As the COVID-19 pandemic continues in the U.S., the stressors for health care workers have shifted from acute to chronic, requiring different management strategies, says Charlene Dewey, M.D., director of the Center for Professional Health at Vanderbilt University Medical Center.
“People have to evolve with the stress. What we did in March and what we do now is totally different,” she said.
“What we did in March and what we do now is totally different.”
Back in March, Dewey co-wrote a commentary in the Annals of Internal Medicine on ways to proactively support health care workers during the pandemic. Now, her efforts have evolved to include a host of resources available to Vanderbilt clinicians and staff, and to others nationally as online education and training.
Dewey has helped create downloadable tip sheets that address common concerns of health care workers during COVID-19, based on her experiences at the Center for Professional Health. The tip sheets are now included among the National Academy of Medicine’s COVID-19 resources.
One tip sheet addresses back-to-school concerns, particularly for parents of special needs children. Others are tailored for furloughed health care workers or those at risk of substance abuse, and more are on the way.
“The unpredictability of this situation is so stressful,” Dewey said, citing regions that have begun reopening only to close down again. “We are trying to help providers predict some of the stressors. We look down the line to see what might catch them off guard.”
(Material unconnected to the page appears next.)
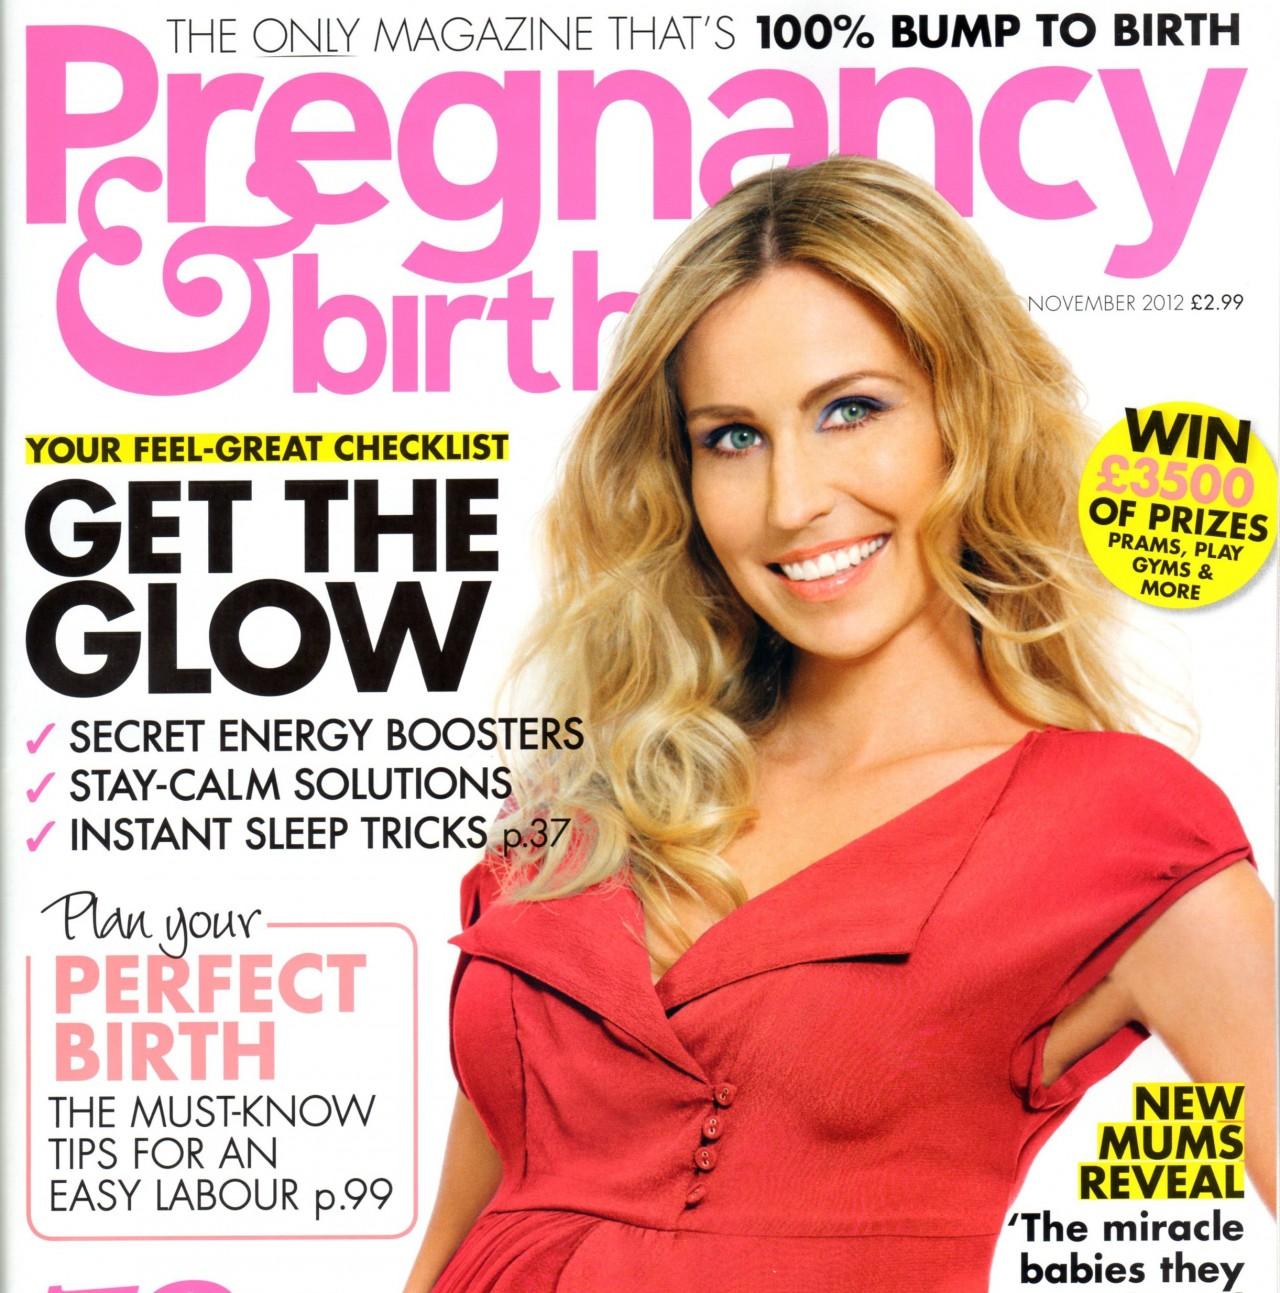 Pregnancy-&-Birth-Magazine-Maternity-Wardrobe-Organising-November-2012

Online Resources and Counseling
The tip sheets complement other online resources, including a weekly webinar on requested topics. Dewey’s team has also successfully moved all of the Center’s wellness courses online for access during quarantine, and provides CME credits for participation.
Still, Dewey said some health care workers may require further support. At Vanderbilt, she refers them to the medical center’s Work/Life Connections program, a physician health and wellness program that offers coaching and counseling – plus an additional set of COVID-19 resources.
Mary Yarbrough, M.D., directs the program at Vanderbilt, which was the first of its kind in the country. She also co-chaired the Vanderbilt Task Force for Empowerment and Well-being with Reid Thompson, M.D., chair of neurological surgery at Vanderbilt.
“We know that strengthening well-being among individuals strengthens all of us,” Yarbrough said. “Especially during this pandemic time, physicians need to find meaning and enjoyment in their work.”
“Strengthening well-being among individuals strengthens all of us.”
Dewey says communication and maintaining a commitment to supporting health care workers will be key for dealing with the pandemic over the long term.
“Some people thought it should be done by now. I think as physicians, we understood the reality that this wasn’t going away any time soon,” Dewey said. “Now we’re making sure we’ve adapted our routines, we’re grounded in them, and they are becoming habit.”
One enduring message, Dewey sees, must be the importance of self-care. Without it, experts say high stress can have debilitating effects on a health care worker’s cognition and physical health.
Yarbrough adds, “Well-being can’t be another add-on task for physicians; we need to find ways to empower physicians and their organizations to prioritize well-being in the same way we consider quality, safety, and productivity.”
“Well-being can’t be another add-on task for physicians.”